1938 NFL season

Regular season
- Duration: September 9 – December 11, 1938
- East Champions: New York Giants
- West Champions: Green Bay Packers

Championship Game
- Champions: New York Giants

= 1938 NFL season =

American football season

The 1938 NFL season was the 19th regular season of the National Football League. The season ended when the New York Giants defeated the Green Bay Packers in the NFL Championship Game.

==Draft==
The 1938 NFL draft was held on December 12, 1937, at Chicago's Hotel Sherman. With the first pick, the Cleveland Rams selected fullback Corbett Davis from Indiana University Bloomington.

==Major rule changes==
- A new 15-yard penalty for roughing the passer is enacted.
- If a kickoff goes out of bounds, the receiving team may opt to take possession of the ball at their own 45-yard line.
- The penalty for a second forward pass during a play is changed from 5 yards and a loss of down to just 5 yards.

==Division races==
In Week Seven, the Bears lost at home to the Rams, 23–21, while the Packers beat the Pirates (the future Steelers) 20–0, giving Green Bay the lead for the first time. The Packers won their next three games to clinch the Western Division.

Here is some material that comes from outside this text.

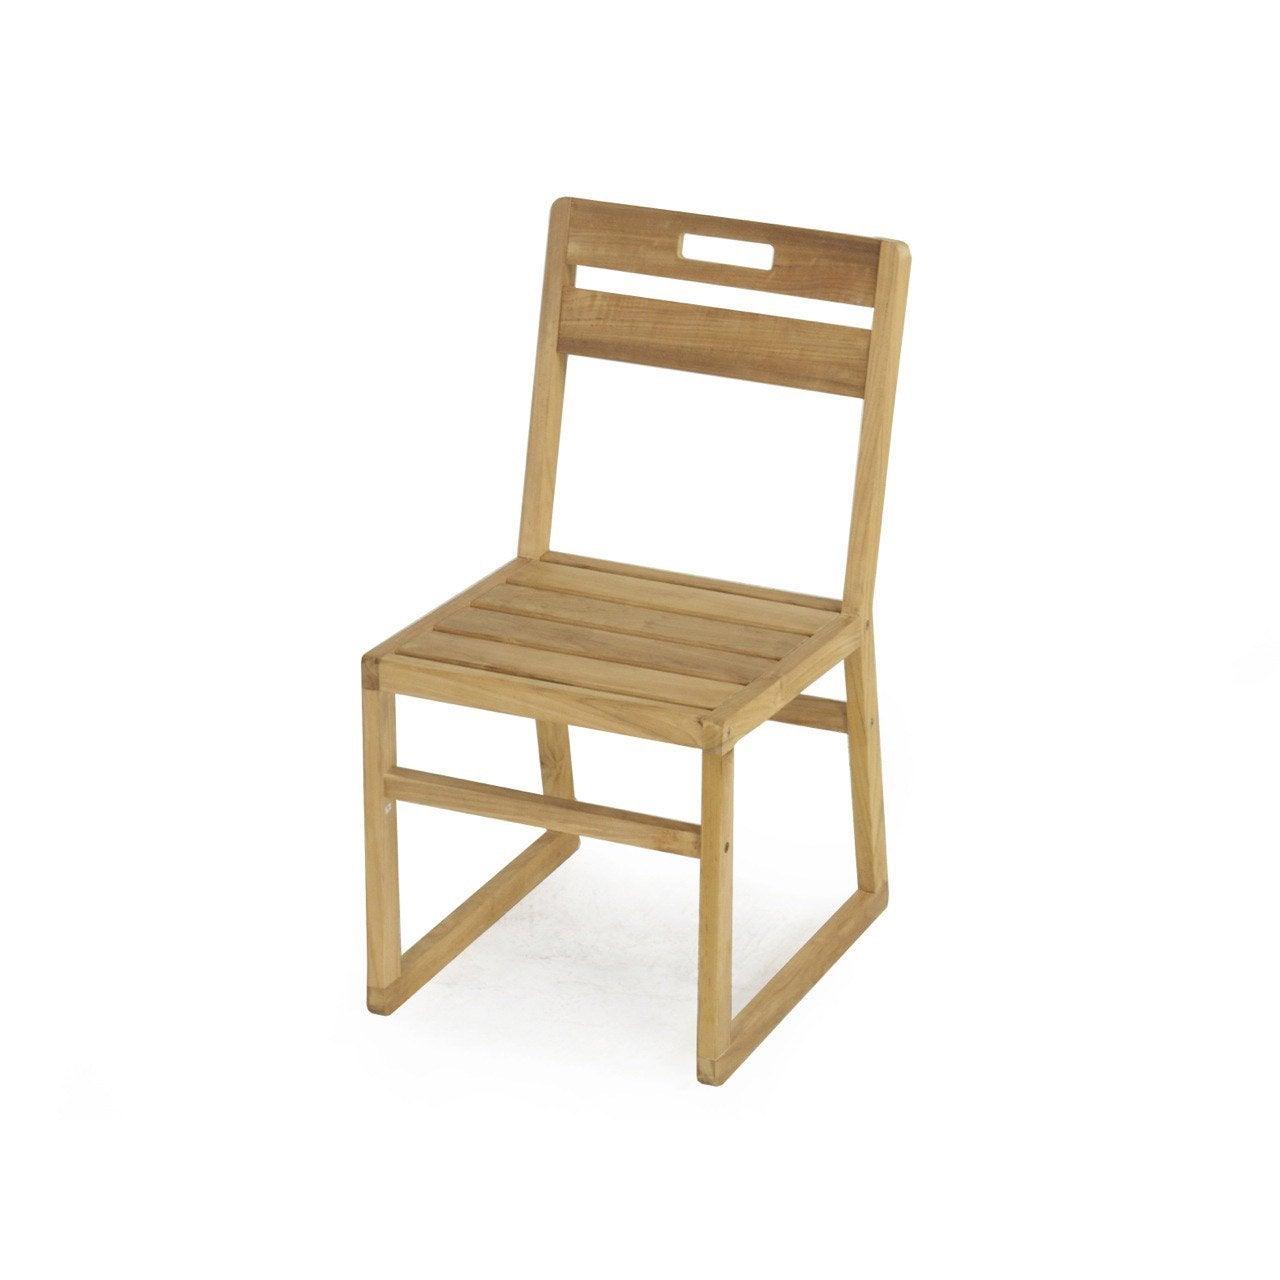 Chaise de jardin en bois resort naturel leroy merlin - Chaise de jardin en bois ...

In the Eastern Division, the Redskins led until Week Ten, when they fell to the Bears, 31–7; the Giants' 28–0 win over the Rams gave New York the division lead on November 13. The division title still came down to the last day of the regular season, December 4, when 57,461 turned out at the Polo Grounds in New York to watch the 7–2–1 Giants host the 6–2–2 Redskins. A Washington win would have made them 7–2–2 and New York 7–3–1, with the Skins as division champs. New York needed only to win or tie, and did the former, five touchdowns en route to a 36–0 victory.

Four neutral-site games were held: two at Civic Stadium in Buffalo, New York, one in Erie, Pennsylvania, and one in Charleston, West Virginia. The Buffalo games marked the league's first return to Buffalo since the folding of the Bisons in 1929.

==Final standings==

NFL Eastern Division
| view; talk; edit; | W | L | T | PCT | DIV | PF | PA | STK |
| New York Giants | 8 | 2 | 1 | .800 | 5–2–1 | 194 | 79 | W1 |
| Washington Redskins | 6 | 3 | 2 | .667 | 4–2–2 | 148 | 154 | L1 |
| Brooklyn Dodgers | 4 | 4 | 3 | .500 | 3–2–3 | 131 | 161 | T1 |
| Philadelphia Eagles | 5 | 6 | 0 | .455 | 3–5 | 154 | 164 | W2 |
| Pittsburgh Pirates | 2 | 9 | 0 | .182 | 2–6 | 79 | 169 | L6 |

NFL Western Division
| view; talk; edit; | W | L | T | PCT | DIV | PF | PA | STK |
| Green Bay Packers | 8 | 3 | 0 | .727 | 6–2 | 223 | 118 | L1 |
| Detroit Lions | 7 | 4 | 0 | .636 | 6–2 | 119 | 108 | L1 |
| Chicago Bears | 6 | 5 | 0 | .545 | 3–5 | 194 | 148 | L1 |
| Cleveland Rams | 4 | 7 | 0 | .364 | 3–5 | 131 | 215 | W1 |
| Chicago Cardinals | 2 | 9 | 0 | .182 | 2–6 | 111 | 168 | W1 |

==NFL Championship Game==

The New York Giants defeated the Green Bay Packers, 23–17, at the Polo Grounds in New York City on December 11, 1938, to win the Championship.

==All-Star game==

After being crowned champion the Giants faced a team of "Pro All-Stars", an all-star team consisting mostly of NFL players but also including three players from the Los Angeles Bulldogs, in an exhibition game at Wrigley Field in Los Angeles on January 15, 1939. The game, which the Giants won 13–10, was the first of five annual NFL all-star games held under the format (but the only one to include non-NFL players) prior to the creation of the Pro Bowl in 1951.

==League leaders==

| Statistic | Name | Team | Yards |
|---|---|---|---|
| Passing | Ace Parker | Brooklyn | 865 |
| Rushing | Whizzer White | Pittsburgh | 567 |
| Receiving | Don Hutson | Green Bay | 548 |

==Awards==
| Joe F. Carr Trophy (Most Valuable Player) | | Mel Hein, Center, N.Y. Giants |

==Coaching changes==
- Cleveland Rams: Hugo Bezdek was released after three games in 1938. Art Lewis served as interim for the last eight.

==Stadium changes==
- The Cleveland Rams moved to Shaw Stadium. They spent the previous 1937 season splitting their home games between Cleveland Municipal Stadium and League Park.
- The Detroit Lions started to split their home games between University of Detroit Stadium and Briggs Stadium.

==Sources==
- NFL Record and Fact Book (ISBN 1-932994-36-X)
- NFL History 1931–1940 (Last accessed December 4, 2005)
- Total Football: The Official Encyclopedia of the National Football League (ISBN 0-06-270174-6)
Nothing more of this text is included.